Norman Podhoretz observed (1958) that at the heart of the Beat Generation ethos was a tremendous emphasis on “emotional intensity, this notion that to be hopped-up is the most desirable of all human conditions.” The Bohemianism of the 1950’s, he said, is “hostile to civilization.” It worships “primitivism, instinct, and energy.”

In a famous passage from Jack Kerouac’s On the Road (1958) the narrator says:

The only people for me are the mad ones, the ones who are mad to live, mad to talk, mad to be saved, desirous of everything at the same time, the ones who never yawn or say a commonplace thing, but burn, burn, burn like fabulous yellow roman candles exploding like spiders across the stars.

Where Freud recognized the power of the instinctive and irrational, but seemed to have come down on the side of the intellect and rationality, thinkers such as Brown, Mailer and Kerouac—in the late Fifties and early Sixties—idealized the instinctive life and explored the positive dimensions of irrationality. The intellect was conceived as blocking something deeper, more real.

Scholars like Brown advocated a “Dionysian consciousness” that does not observe the limit, but “overflows.” Writers like Kerouac extolled the “mad ones” who “burned like fabulous yellow candles.” At the same time, a similar form of unrepressed consciousness was coming into being in the form of rock and roll music—with performers such as Little Richard and Jerry Lee Lewis.
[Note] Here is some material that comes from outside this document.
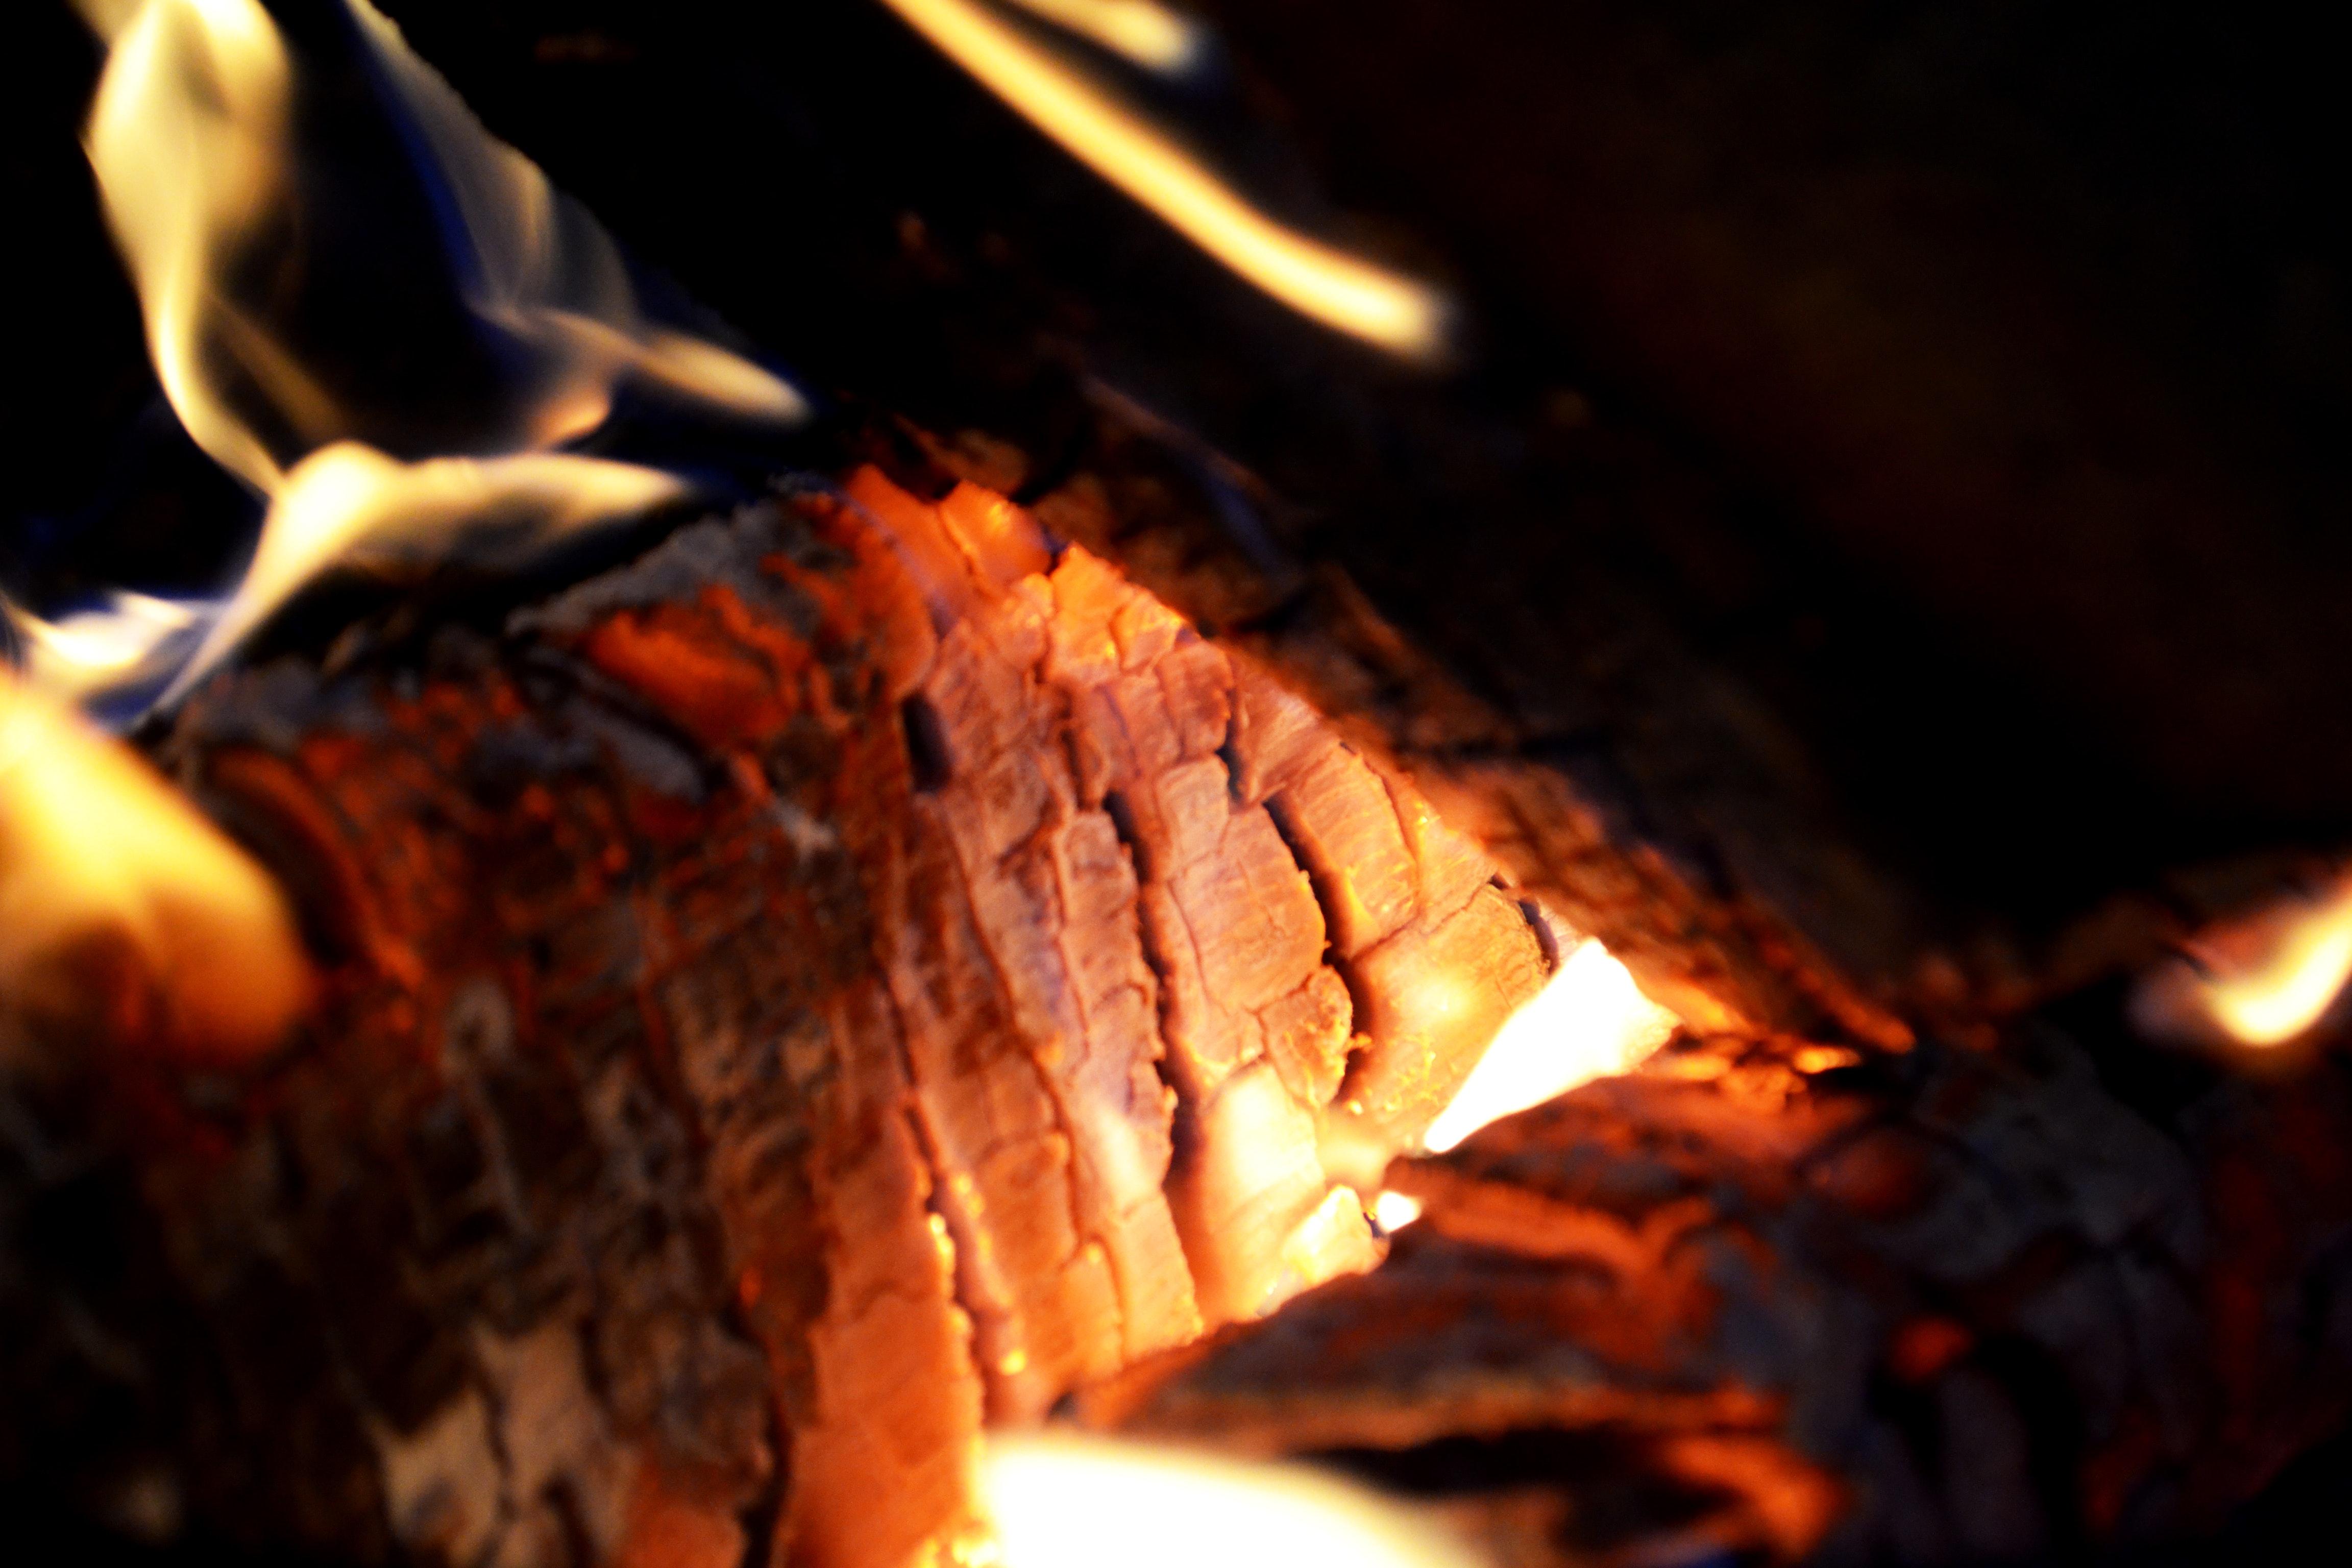 Fireplace illustration photo

Don Hibbard (1983) saw “Wanton expressions of freedom, emotional release and physical movement” as the essence of rock and roll: a “sense of freedom, total unrestraint and physical expression. Bumps Blackwell, Little Richard’s manager, provided the following description of a”typical Little Richard show:”

The crowd was unrestrained, and Richard was like a wild man. Richard got up on the piano, took his shoes off and threw them to the audience. They were in frenzy. Then he took off the top of his costume and gestured as if he was going to throw that, too. The crowd went mad.

Little Richard and other rock and roll performers inspired many to experience a “Dionysian consciousness which overflows.”

Charles White, Little Richard’s biographer (1985) says that Little Richard “exploded onto the American music scene in 1955, demolishing established music structure and giving a whole generation a clarion-call to shake off the chains of repression.” He says that Richard “freed people from their inhibitions, unleashing their spirit, enabling them to do exactly what they felt like doing—to scream, shout, dance, jump up and down—or even more unusual things.”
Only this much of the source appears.